We agree with AAPA and Kurt Nagle.

In the US, there is little systemic planning or funding for strategic national system transportation and economic development.  If the new Washington Administration is at all serious about economic growth on a global stage, it is imperative that the country take demonstrative steps toward creating a thoroughly modern, super-efficient freight transport infrastructure.  In large measure, this is not the case today and the programs and investments over recent years, though helpful, were but small bandages applied to an old, creaky patchwork that comprises the national cargo movement system.  Certainly, we cannot go backwards – rather, we need to be doing a heck of a lot more.  At this point though, we are not seeing the kind of vision and leadership that we need and this must evolve and evolve quickly.

This is not a seaports issue.  This is not a railroad issue. This is not a roads issue. And, this is not an airports issue.  This is a fundamental national economic development issue for the United States.  We can talk all we want about jobs and fair trade agreements, but if businesses in the US cannot with seamless efficiency deploy manufactured goods around the country and to foreign customer markets, the system won’t provide the platform and competitiveness to succeed.  Not by a longshot.  And if you’re located in middle-America, away from the country’s seaports, or located some distance from a cargo center airport it isn’t pretty.

To make the point of this invisible time-bomb, the chorus should not be echoes from the representative silos – but needs to increasingly be an organized super-structure that makes the case to lawmakers and budget-makers.  It is important for other key trade associations to make this more than a refrain on a long list of priorities.  And we need groups like the International Economic Development Council (IEDC) to pick this up and tell the story.

It is simple: the US will not compete well over the next 25 years without an underlying re-think about how economic growth and infrastructure finance is undertaken and financed.

 

 

AAPA Advocates for FY 2018 TIGER-Style Multimodal Funding
This week, AAPA urged leaders of the House and Senate Committees on Appropriations to include a “TIGER-like” program in an appropriations bill that continues the successful multimodal funding for port and maritime projects that has been in place since 2009. The Transportation Investment Generating Economic Recovery (TIGER) grant program, an AAPA priority, and its success are viewed as essential building blocks that led to a funded freight program in 2015’s FAST Act.
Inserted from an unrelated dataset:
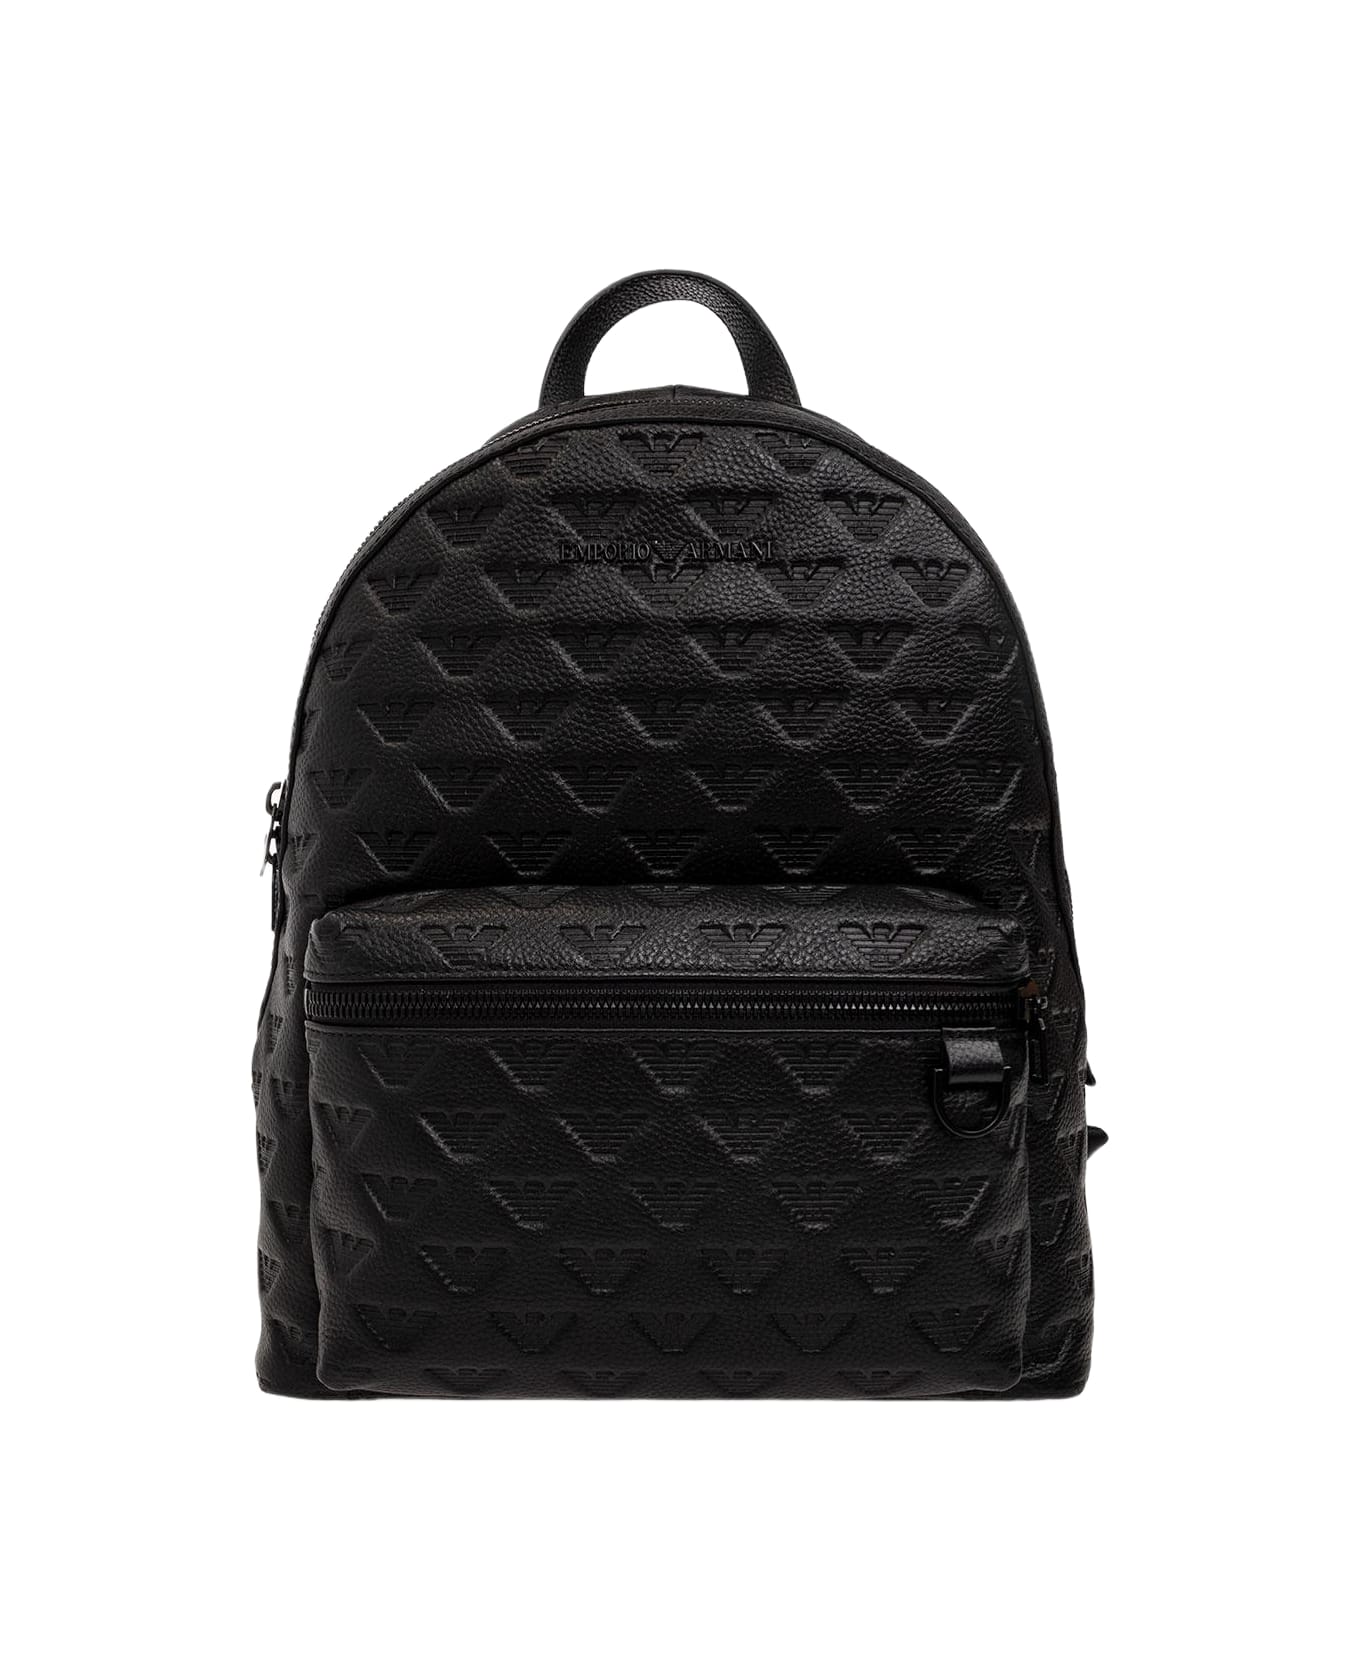 Emporio Armani Embossed Leather Backpack - Black バックパック
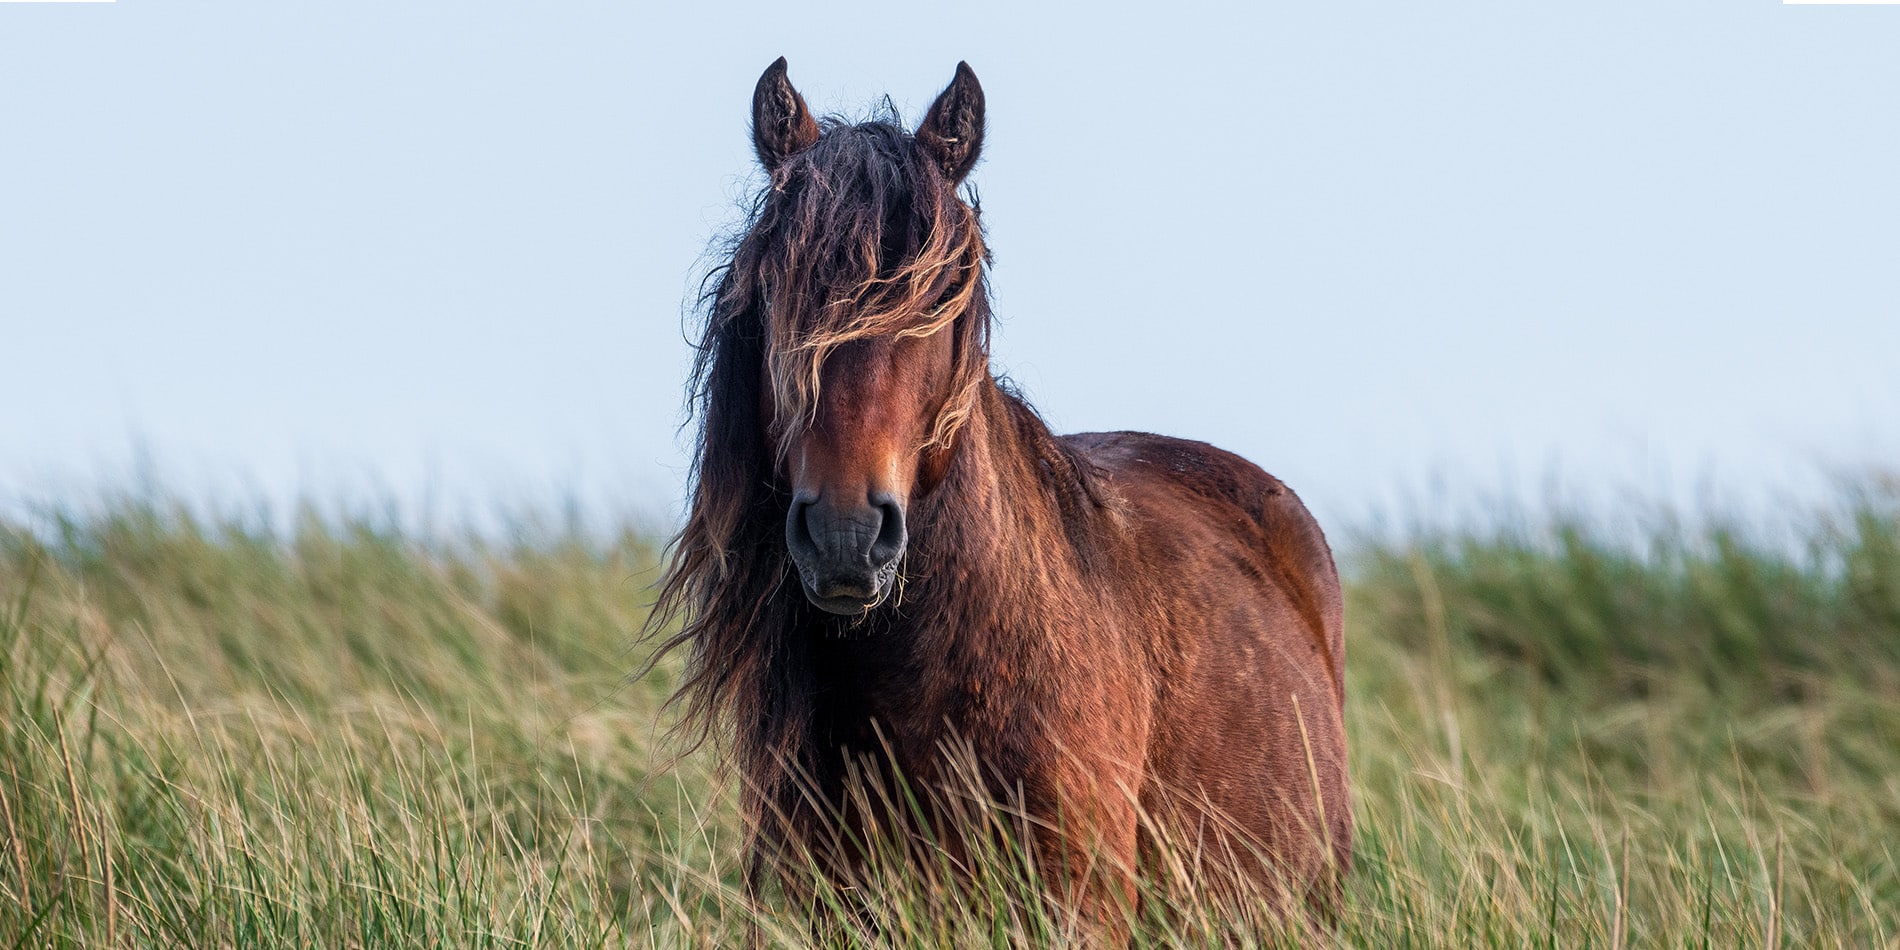 A wild horse in the marram grass on Sable Island, Nova Scotia - photo by Picture Perfect Tours and Geordie Mott

AAPA President & CEO Kurt Nagle stated in the letter, “TIGER continues to be a key multimodal funding source for freight projects that are vital to rebuilding our national infrastructure while addressing multimodal transportation funding challenges and needs. TIGER is 100 percent multimodal, which is a top priority for ports. Only a limited percentage of FAST Act freight funding ($1.13 billion of $11 billion) is multimodal, and FASTLANE grants are primarily highway focused, outside the gate projects, whereas TIGER has funded important inside the gate projects that assist ports to be “big ship ready” for the 21st century and assists in returning existing facilities to a state of good repair.”

In addition, both the House and Senate have circulated support letters requesting that the TIGER program continue in FY 2018. The bipartisan Senate letter was led by Senator Patty Murray (D-WA) and included 42 Senate signatures. The House letter included 140 signatures.

President Trump’s FY 2018 budget, which did not include many details for programs, zeroed out TIGER funding. The FY 2017 appropriations that will be deliberated later this week include TIGER funding in both the House and Senate bills. During the AAPA Spring Conference fly-in last month, port representatives met with Congressional appropriators and advocated keeping a TIGER-like program in the FY 2017 budget and beyond.